Event Log was Cleared.kql

The query is looking for failed login attempts on Windows systems within the last 7 days. It filters the results to only include events with an EventId of 4625, which typically indicates a failed login attempt. This query is useful for security analysis and detecting potential breaches.

Failed User Account Login.kql

This query is looking for security-related processes in a system log. It filters the log based on the process name, looking for any processes that contain the words 'Defender', 'Sense', or 'Security'. The purpose is to identify these processes for further analysis or monitoring.

Find All System Processes Related to Defender, Sense or Security.kql

This query is designed to find devices where BitLocker encryption is not turned on for the C: drive. It looks at a table called `EncryptableVolume` and filters for entries where the drive letter is "C:" and the protection status is not "PROTECTED." The query then displays the device name, drive letter, protection status, encryption method, and the percentage of the drive that is encrypted.

Find Devices with BitLocker Not Enabled.kql

This query is designed to find devices that have multiple physical disks. Here's a simple breakdown of what it does:

1. **Data Source**: It starts with a table or dataset called `DiskDrive`, which contains information about physical disks on various devices.

2. **Summarize**: It groups the data by each device and counts the number of physical disks associated with each device. This is done using the `summarize` function, which creates a new column called `DiskCount` that holds the count of disks for each device.

3. **Filter**: It then filters the results to only include devices that have more than one disk. This is achieved with the `where` clause, which specifies that only devices with a `DiskCount` greater than 1 should be included in the final output.

In summary, the query lists all devices that have more than one physical disk attached to them.

Find Devices with Multiple Physical Disks.kql

This query is used to display all the details about the physical disks in a system.

Find Disk Information.kql

The query is looking for Windows drivers that do not have an associated INF file in the system's database.

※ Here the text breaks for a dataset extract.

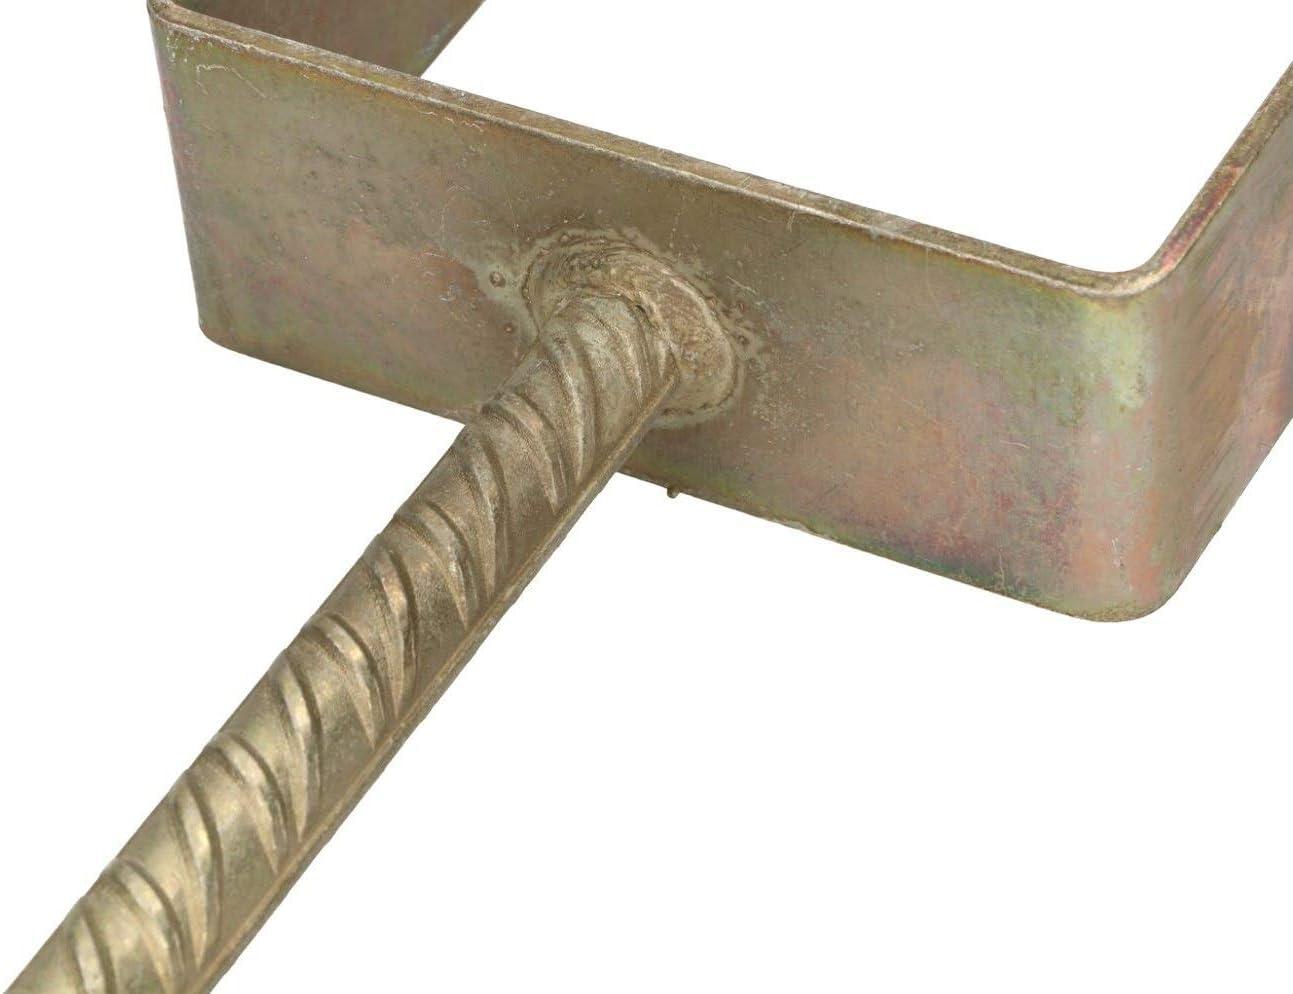 KOTARBAU/® U 161 mm Riffelstahl Mit Betonanker Feuerverzinkt Steindolle Fest Bodenh/ülse Anker Stahl Pfostentr/äger 151 mm Alle Gr/ö/ßen Lichte Breite 51 mm

Find Drivers That Don’t Have Associated Inf Files.kql

The query analyzes processes and calculates their average, maximum, and minimum memory usage. It groups the results by process name and orders them based on the average memory usage in descending order. The final output includes the process name, average memory usage, maximum memory usage, and minimum memory usage. This information can be used to identify memory-intensive applications for optimization or troubleshooting purposes.

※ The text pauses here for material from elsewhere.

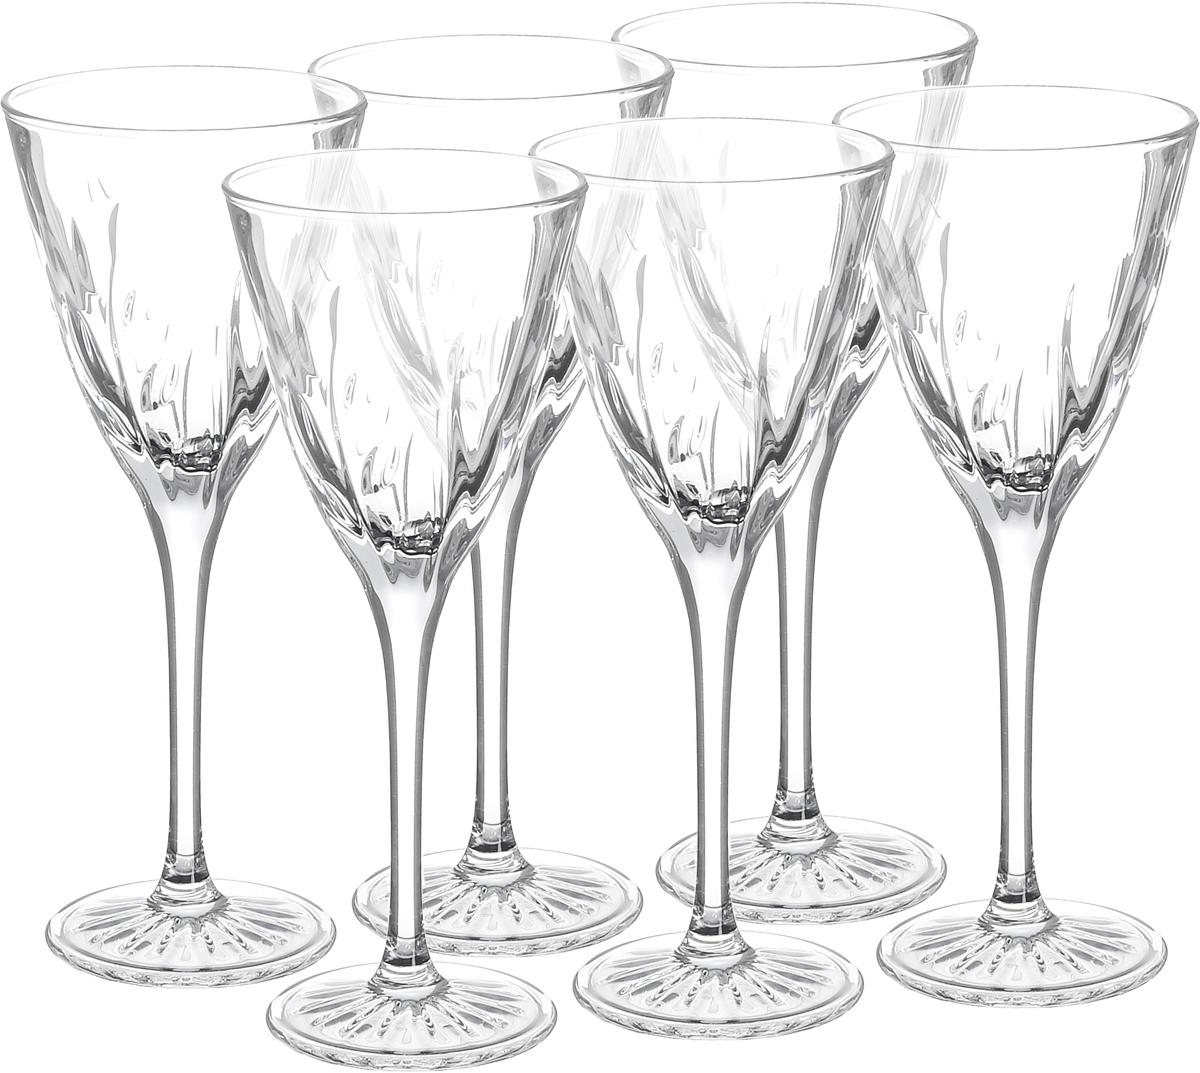 Набор рюмок Cristal dArques Cassandra, 60 мл, 6 шт4630003364517Набор Cristal dArques Cassandra состоит из 6 рюмок, изготовленных из прочного стекла. Изделия, предназначенные для подачи ликера и других спиртных напитков, несомненно придутся вам по душе. Рюмки сочетают в себе элегантный дизайн и функциональность. Набор рюмок Cristal dArques Cassandra идеально подойдет для сервировки стола и станет отличным подарком к любому празднику.Диаметр (по верхнему краю): 5,5 см.Высота: 14 см.Диаметр основания: 4,7 см.

Find Processes With High Memory Usage.kql

This query is designed to help identify processes on a system that might be using an unusually high number of threads or handles, which can be useful for performance analysis and optimization. Here's a simple breakdown of what the query does:

1. **Data Source**: It starts by looking at data from a table or dataset named `Process`, which contains information about running processes.

2. **Filter Criteria**: It filters the processes to find those that have more than 100 threads or more than 1000 handles. These thresholds are set to identify processes that might be consuming more resources than usual.

3. **Select Information**: For each of these processes, it selects (or "projects") specific pieces of information: the name of the process (`ProcessName`), its ID (`ProcessId`), the number of threads it is using (`ThreadCount`), the number of handles it is using (`HandleCount`), and the file path where the process is located (`Path`).

4. **Order Results**: Finally, it orders the results by the number of threads in descending order, and if there are ties, by the number of handles also in descending order. This means the processes with the highest thread counts will appear first in the results.

Overall, this query helps in quickly identifying and examining processes that might be impacting system performance due to high resource usage.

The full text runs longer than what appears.